# Plug and play amplifier (NOT Match)



## speed51133! (Aug 5, 2002)

https://enfigcarstereo.com/ENFIG_PNPAMP_VW16.html

Just got off the phone with Enfig. They told me it should work fine with the Atlas as they have confirmed it works with the Tiguan. The kit has all the harnesses for a plug and play addition of https://www.pioneerelectronics.com/PUSA/Car/Amplifiers/GM+Digital+Series/GM-D1004

The amp alone costs 150. Seems like a decent value. Anyone know what the non fender audio system has in terms of Ohms and RMS power?


----------



## mhjett (Oct 16, 2000)

Sorry, don't have the answer but am curious about that kit -- does it include the amp? It's not clear from the webpage...

Looks like the Pioneer GM-D1004 is discontinued now?


----------



## speed51133! (Aug 5, 2002)

Yes it has the amp. Talked to them. They have like 8 amps in stock. It is discontinued


----------



## mhjett (Oct 16, 2000)

Nice. Sounds like it'd be a great plug and play upgrade. 

Probably will be hard to find the RMS power and ohms of the stock system. Did you check the audio system manual that came with the car? 

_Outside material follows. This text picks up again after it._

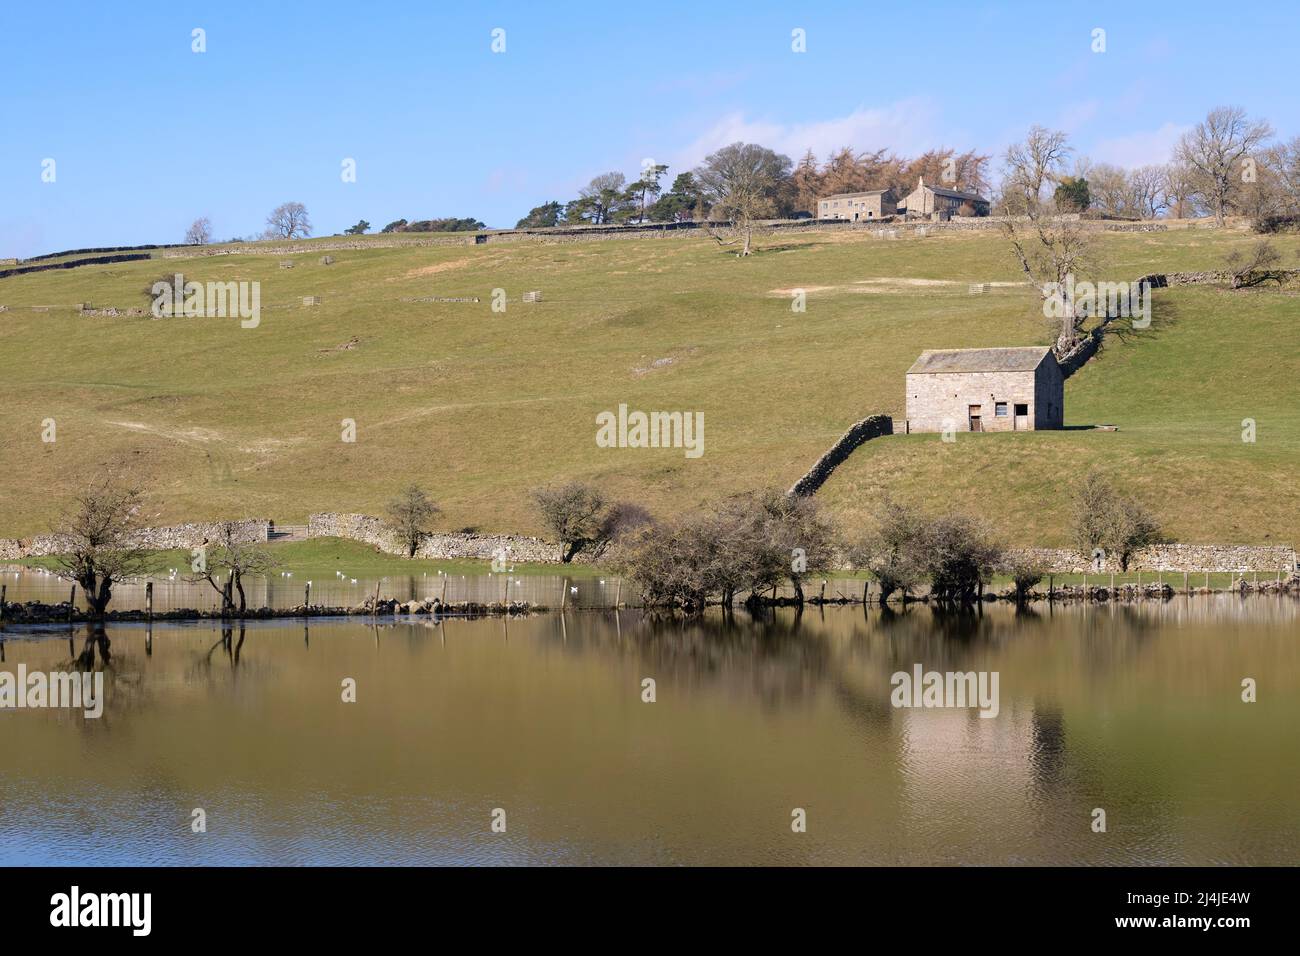 Champs inondés près de Reeth à Swaledale, dans le parc national de Yorkshire Dales. La grange emblématique en pierre et les murs en pierre sèche se reflètent dans l'eau fixe. Banque D'Images

I'd bet the only way to get impedance for the stock speakers is to pull the harness and use a multi-meter on the pins.


----------



## speed51133! (Aug 5, 2002)

they use the harness that comes with the amp to make the PnP harness. I am absolutely sure they could do it with another amp (if they want to is another story). There are like 3 or 4 very similar, almost exact, amps by Sony, Alpine, Kenwood, etc. Does Enfig come to the forums?

EDIT, just ordered the enfig kit. will post how it installs and works.


----------



## mhjett (Oct 16, 2000)

speed51133! said:


> they use the harness that comes with the amp to make the PnP harness. I am absolutely sure they could do it with another amp (if they want to is another story). There are like 3 or 4 very similar, almost exact, amps by Sony, Alpine, Kenwood, etc. Does Enfig come to the forums?
> 
> EDIT, just ordered the enfig kit. will post how it installs and works.


Great, post an update on the install and your impressions. :beer:


----------



## poorboy17 (Jun 27, 2017)

Any update on the install? Been wanting more from my atlas radio.


----------



## speed51133! (Aug 5, 2002)

Hasn't arrived yet. Per the tracking number it should be here today. If I can install it with ONLY pulling out the OEM cd player, I will do it today. If I have to remove the glove box, then this weekend. Enfig said I MIGHT have to remove the box to get access to all the harnesses.


----------



## poorboy17 (Jun 27, 2017)

Ok cool, keep us updated with all the details of how it sounds.


----------



## speed51133! (Aug 5, 2002)

usps....arriving saturday.....


----------



## speed51133! (Aug 5, 2002)

the amp kit arrived. I have the harness all assembled (just took a few seconds). I will install it tonight. There is about 5 feet of wire harness. Looks like it could be cut down to 2, but who knows, maybe you need the length to mount the amp in there. The amp itself is tiny. It is about the size as two kid's mini juice boxes.

Anyone know what the go-to place is to host pics these days? The ones I used to use on these forums is looong gone.


----------



## speed51133! (Aug 5, 2002)

It took about 5 min to install. The kit came with some kind of relay harness that Enfig says eliminated "turn on popping". They say it is optional. The amp would not power on with it. Not sure if the wires are bad or what. I took it out of the equation and everything works great. It is a huge boost in sound. Well worth it. I will talk to enfig about the relay issue. I have pics to show, but no hosting site yet.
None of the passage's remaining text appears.